Meta's New AI Model Benchmark May Be Misleading

2025-04-07

Recently, Meta unveiled its new flagship AI model, Maverick, which secured the second position in the LM Arena test. LM Arena evaluates model performance by having human evaluators compare model outputs and select the better option. However, there are indications that the version of Maverick deployed on LM Arena differs from the one widely available to developers.
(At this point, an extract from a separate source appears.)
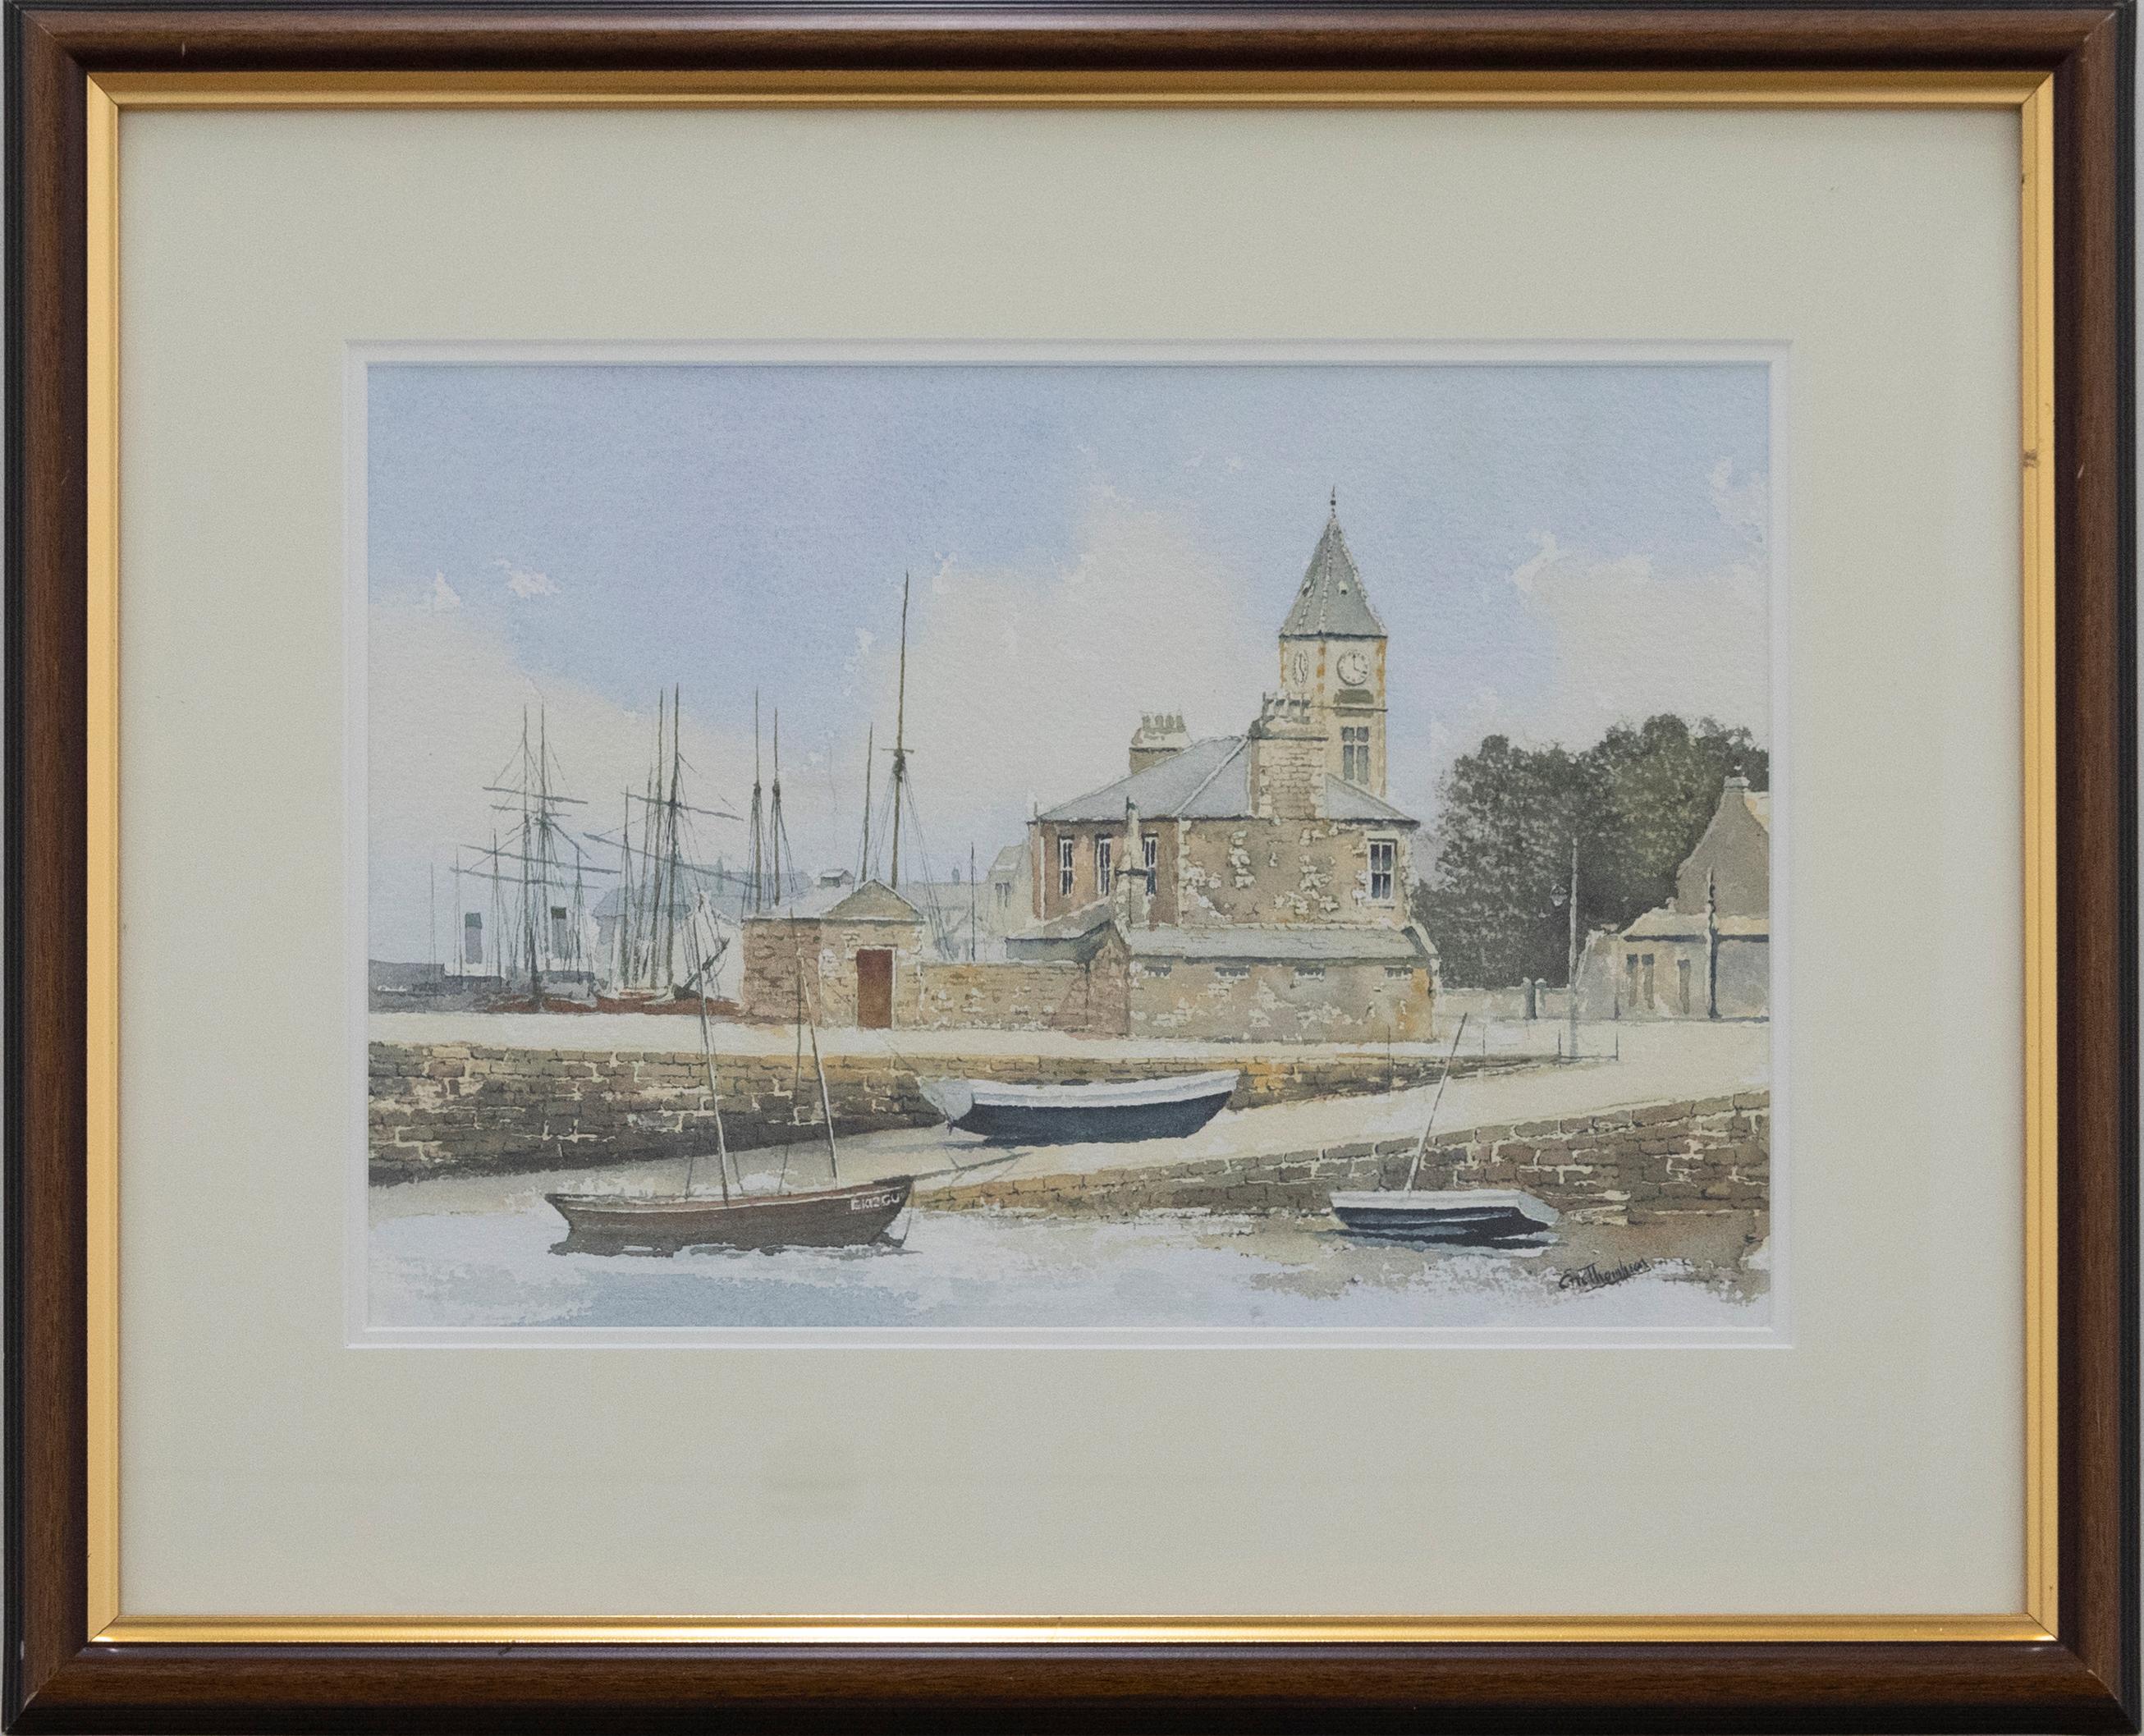 A charming watercolour scene depicting fishing boats lining the dock at St Sampson's, Guernsey. Signed to the lower right. Presented in a wooden frame with a gilt slip.

In its announcement, Meta noted that the version of Maverick on LM Arena is an "experimental chat variant." Additionally, a chart on the Llama official website shows that Meta's LM Arena testing used a version described as "Llama 4 Maverick optimized for conversational abilities."

There have been reports questioning the reliability of LM Arena in assessing AI model performance. Typically, AI companies do not customize or fine-tune models specifically to perform better on LM Arena—or at least they don't openly admit to such practices.

The concern arises when a model is tailored for a specific benchmark but only a non-optimized "base version" is released. This can make it challenging for developers to accurately predict how the model will perform in real-world applications. Such actions can be misleading and contradict the fundamental purpose of benchmark testing—to objectively reflect a model’s strengths and weaknesses across multiple tasks, despite inherent limitations in current benchmarks.

Research indicates significant differences between the LM Arena version of Maverick and the publicly downloadable version, with the former using numerous emojis and providing more verbose responses.

An official response has been requested from both Meta and the maintainers of Chatbot Arena, which oversees LM Arena.